ABOUT THIS TASK - From the first line of the records through the line containing "Пример написания шрифтом", retype every line exactly and nothing else.

RECORDS FOR THIS TASK -
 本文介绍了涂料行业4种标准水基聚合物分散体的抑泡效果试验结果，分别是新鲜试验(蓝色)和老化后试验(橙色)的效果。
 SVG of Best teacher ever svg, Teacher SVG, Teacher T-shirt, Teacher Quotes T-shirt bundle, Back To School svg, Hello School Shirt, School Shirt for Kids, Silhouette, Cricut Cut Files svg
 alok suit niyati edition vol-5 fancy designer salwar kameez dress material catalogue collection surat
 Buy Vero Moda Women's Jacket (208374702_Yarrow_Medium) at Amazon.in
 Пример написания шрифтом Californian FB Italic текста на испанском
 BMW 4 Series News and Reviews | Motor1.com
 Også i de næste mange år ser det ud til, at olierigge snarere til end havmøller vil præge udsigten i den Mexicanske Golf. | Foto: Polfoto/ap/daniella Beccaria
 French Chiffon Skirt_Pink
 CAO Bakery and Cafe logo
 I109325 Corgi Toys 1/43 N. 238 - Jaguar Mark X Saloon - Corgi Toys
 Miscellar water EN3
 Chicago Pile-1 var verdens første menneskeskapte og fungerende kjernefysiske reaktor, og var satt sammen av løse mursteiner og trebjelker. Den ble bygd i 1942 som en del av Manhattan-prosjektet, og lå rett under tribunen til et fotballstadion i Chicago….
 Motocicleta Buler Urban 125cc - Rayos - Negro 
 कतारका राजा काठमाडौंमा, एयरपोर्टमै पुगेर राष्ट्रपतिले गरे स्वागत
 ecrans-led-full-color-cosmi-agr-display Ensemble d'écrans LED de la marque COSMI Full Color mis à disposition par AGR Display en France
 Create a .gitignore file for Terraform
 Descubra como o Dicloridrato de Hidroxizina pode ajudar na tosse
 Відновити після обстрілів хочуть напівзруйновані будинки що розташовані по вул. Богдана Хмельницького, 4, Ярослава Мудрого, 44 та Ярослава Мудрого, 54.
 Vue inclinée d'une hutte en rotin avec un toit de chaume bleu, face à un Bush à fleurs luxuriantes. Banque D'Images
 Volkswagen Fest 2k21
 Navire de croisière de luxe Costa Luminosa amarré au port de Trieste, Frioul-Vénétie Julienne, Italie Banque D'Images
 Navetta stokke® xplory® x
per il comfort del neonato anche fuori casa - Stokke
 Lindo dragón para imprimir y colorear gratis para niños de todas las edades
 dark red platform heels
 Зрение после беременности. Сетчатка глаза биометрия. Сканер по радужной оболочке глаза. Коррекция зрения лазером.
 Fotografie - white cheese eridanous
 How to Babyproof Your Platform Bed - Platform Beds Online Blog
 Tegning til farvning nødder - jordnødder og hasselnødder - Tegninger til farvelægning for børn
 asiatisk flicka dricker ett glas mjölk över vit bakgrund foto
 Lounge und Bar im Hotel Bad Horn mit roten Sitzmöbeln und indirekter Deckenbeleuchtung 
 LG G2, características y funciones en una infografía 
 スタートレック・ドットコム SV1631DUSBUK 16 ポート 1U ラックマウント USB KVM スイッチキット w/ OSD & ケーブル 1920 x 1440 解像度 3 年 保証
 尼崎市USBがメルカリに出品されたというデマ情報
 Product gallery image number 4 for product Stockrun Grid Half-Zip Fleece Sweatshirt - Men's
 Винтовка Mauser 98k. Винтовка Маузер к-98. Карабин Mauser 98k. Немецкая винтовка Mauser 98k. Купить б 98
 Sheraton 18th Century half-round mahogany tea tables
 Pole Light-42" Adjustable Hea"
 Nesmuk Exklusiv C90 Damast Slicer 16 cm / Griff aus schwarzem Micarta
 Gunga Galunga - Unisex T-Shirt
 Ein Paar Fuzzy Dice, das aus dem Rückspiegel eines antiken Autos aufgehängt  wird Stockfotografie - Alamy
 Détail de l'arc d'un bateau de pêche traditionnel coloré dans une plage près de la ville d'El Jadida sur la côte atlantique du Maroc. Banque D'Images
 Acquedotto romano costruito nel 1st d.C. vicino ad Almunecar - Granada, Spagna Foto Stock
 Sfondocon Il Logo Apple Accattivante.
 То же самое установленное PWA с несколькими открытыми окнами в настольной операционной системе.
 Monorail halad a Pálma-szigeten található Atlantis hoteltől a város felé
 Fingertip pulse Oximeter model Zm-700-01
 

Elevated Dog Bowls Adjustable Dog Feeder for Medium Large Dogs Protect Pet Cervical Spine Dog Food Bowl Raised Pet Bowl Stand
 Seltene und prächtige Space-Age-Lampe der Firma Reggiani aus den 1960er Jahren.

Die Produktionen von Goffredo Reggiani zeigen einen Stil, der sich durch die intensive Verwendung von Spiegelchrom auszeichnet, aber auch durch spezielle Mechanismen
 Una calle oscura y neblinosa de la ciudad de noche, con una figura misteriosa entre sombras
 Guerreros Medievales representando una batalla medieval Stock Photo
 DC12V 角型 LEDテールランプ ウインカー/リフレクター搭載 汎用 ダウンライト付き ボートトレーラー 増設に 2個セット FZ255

EXERCISE RESPONSE -
 本文介绍了涂料行业4种标准水基聚合物分散体的抑泡效果试验结果，分别是新鲜试验(蓝色)和老化后试验(橙色)的效果。
 SVG of Best teacher ever svg, Teacher SVG, Teacher T-shirt, Teacher Quotes T-shirt bundle, Back To School svg, Hello School Shirt, School Shirt for Kids, Silhouette, Cricut Cut Files svg
 alok suit niyati edition vol-5 fancy designer salwar kameez dress material catalogue collection surat
 Buy Vero Moda Women's Jacket (208374702_Yarrow_Medium) at Amazon.in
 Пример написания шрифтом Californian FB Italic текста на испанском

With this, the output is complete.